We are drifting away from the basic constitutional and legal principles that have made the American justice system the best one in the world. Let me begin with the constitutional principle of federalism. In this city, it is considered almost impertinent to remind Senators, and people who work on the White House staff, that the powers of the federal government are actually limited to those spelled out in the Constitution. For much of our history, crime-fighting was understood to be an issue for local government. But, over the years, Congress continued to pass more and more federal criminal laws. Those laws are based on a dubious reading of the Commerce Clause of the Constitution.

One of the most recent proposals that has been in the news lately is a ban on so-called “hate crimes.” They call it the “Hate Crimes Prevention Act.” But if you think about it for just a moment, you’ll realize that this law isn’t going to prevent anything. A criminal who is already inclined to shoot another person, or stab another human being, is not going to stop because Congress has passed the Hate Crimes Prevention Act. That idea is pure fantasy. It’s not going to prevent any hate crime from happening. These pieces of legislation simply give members of Congress the opportunity to posture as problem solvers.

Closely related is the constitutional safeguard against double jeopardy, the idea that nobody should be tried twice for the same offense. But every time Congress federalizes something that’s already on the books at the state or local level, the double jeopardy protection is weakened because of legal precedents that say that the federal government and state governments are separate sovereigns. Those precedents allow federal prosecutors to come back with a federal indictment even after someone has been tried in the state court system. In the beginning this wasn’t much of a problem because there were only a handful of federal crimes. But as the number of federal crimes increases, the double jeopardy protection is weakened.

The next safeguard under assault is the jury trial.
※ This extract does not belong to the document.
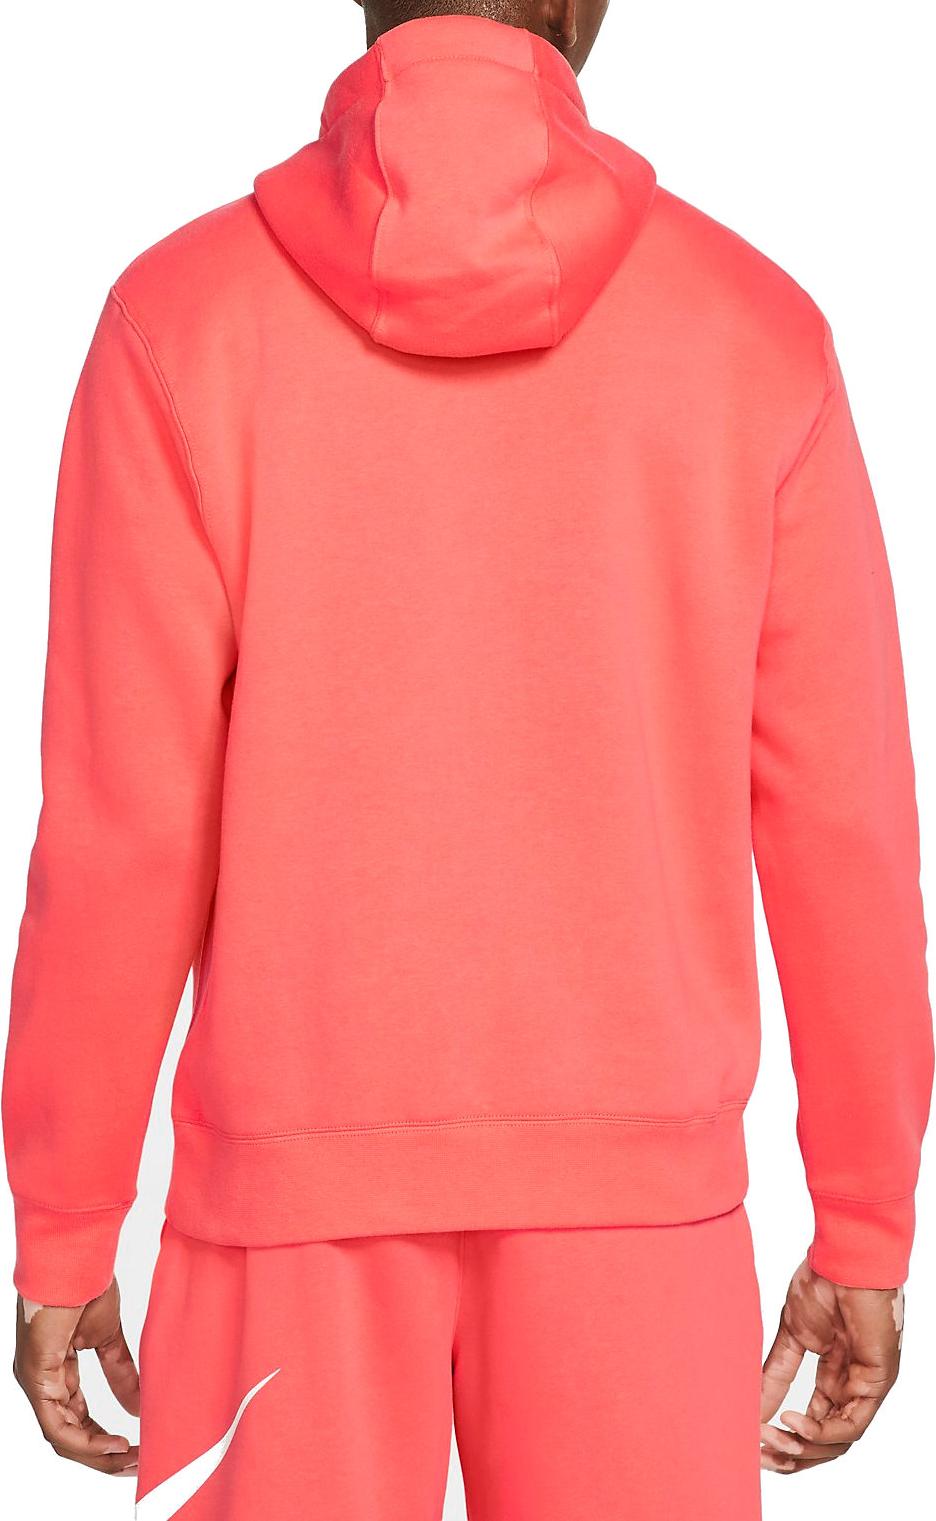 Hooded sweatshirt Nike M NSW CLUB HOODIE PO BB
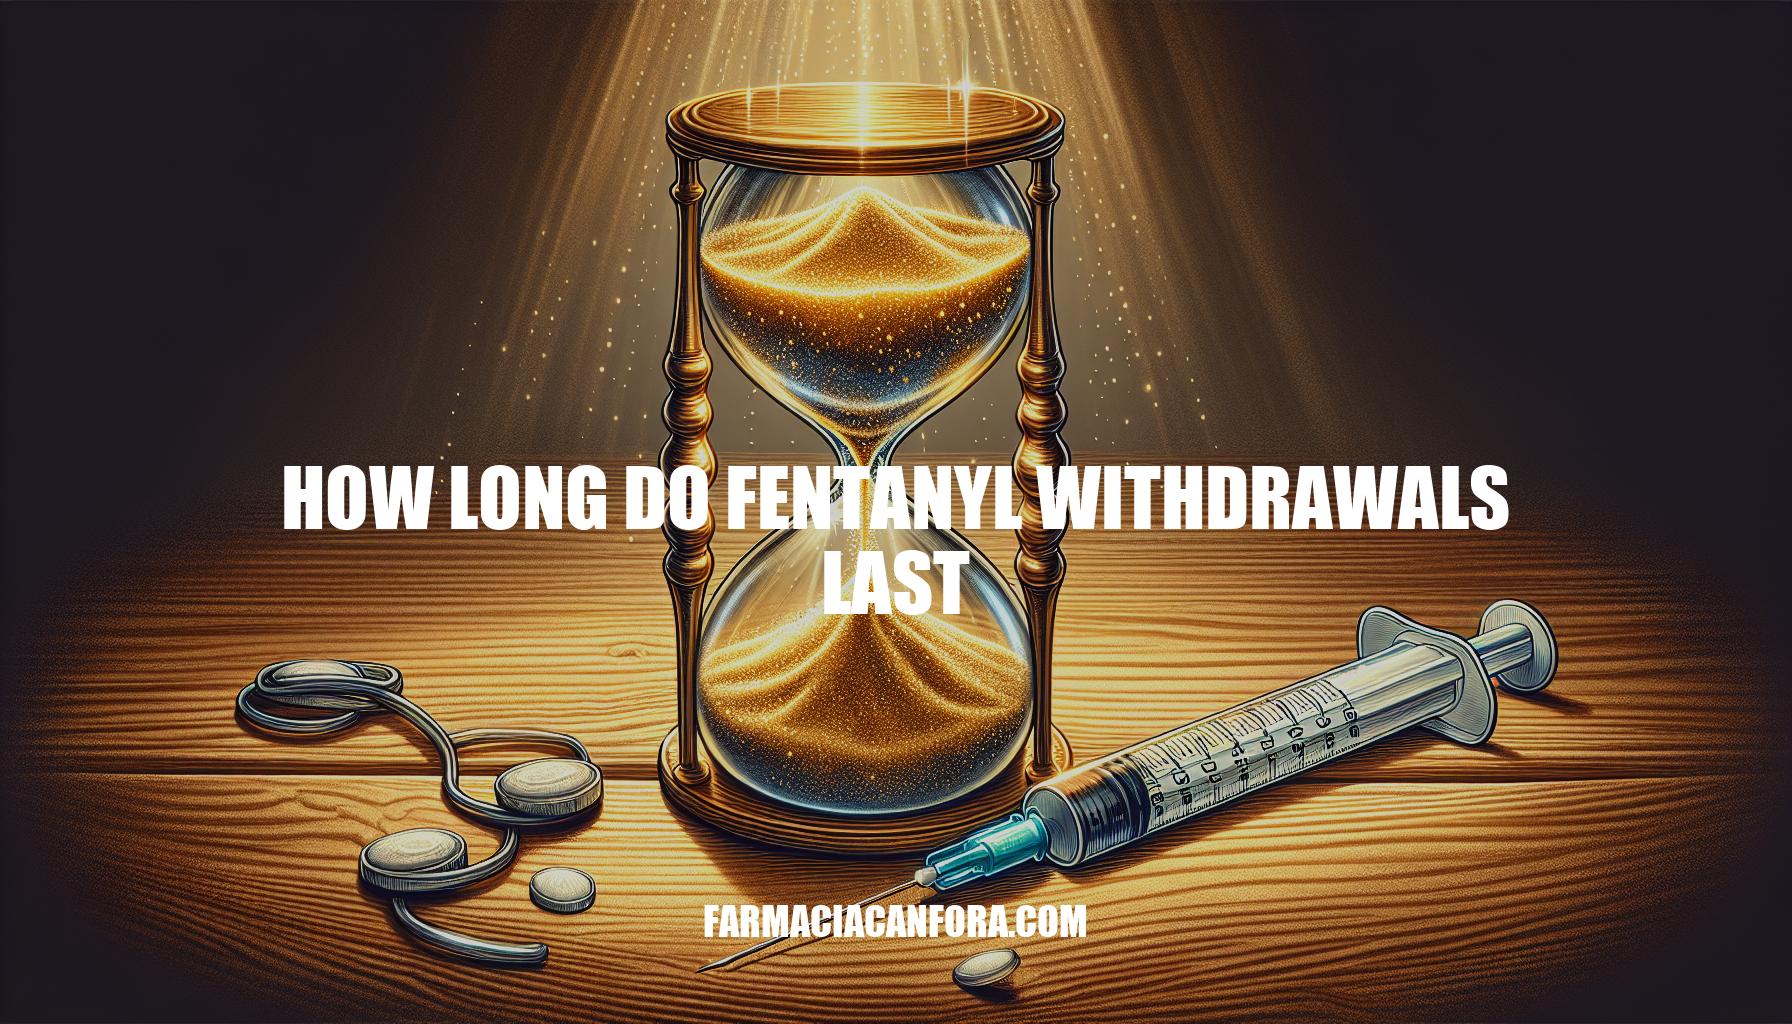 Understanding the Duration of Fentanyl Withdrawals: How Long Do Fentanyl Withdrawals Last

The Sixth Amendment to the Constitution says that in all criminal prosecutions, the accused shall have the right to trial by jury. Reading this, you could easily get the misleading impression that most of our criminal cases are adjudicated by juries, but that’s not the system that we have. We’ve moved over to a system of charge and sentence bargaining. You do see the occasional trial on TV, but those are the exceptional cases. More than 95 percent of the criminal cases in America do not go to trial but are instead resolved through plea bargains.

Our courthouses are filled with majestic courtrooms but they’re vacant most of the day. The real action is out in the hallways where prosecutors bargain with defense counsel in plea negotiations. Plea bargaining rests upon the legal fiction that the government does not retaliate against people who want to take their case to trial. What they do say is: “Look, if you take the deal and plead guilty you’ll get a year. If you insist on going to trial, we’re going to throw the book at you — you’ll be looking at 20 years.” With that kind of pressure, most people cave in and plead guilty. A federal judge in Massachusetts, William Young, wrote in one of his rulings, “Criminal trial rates in Massachusetts and the country at large are plummeting due to the simple fact that nowadays we punish people — and punish them severely — simply because they want to take their case to trial.”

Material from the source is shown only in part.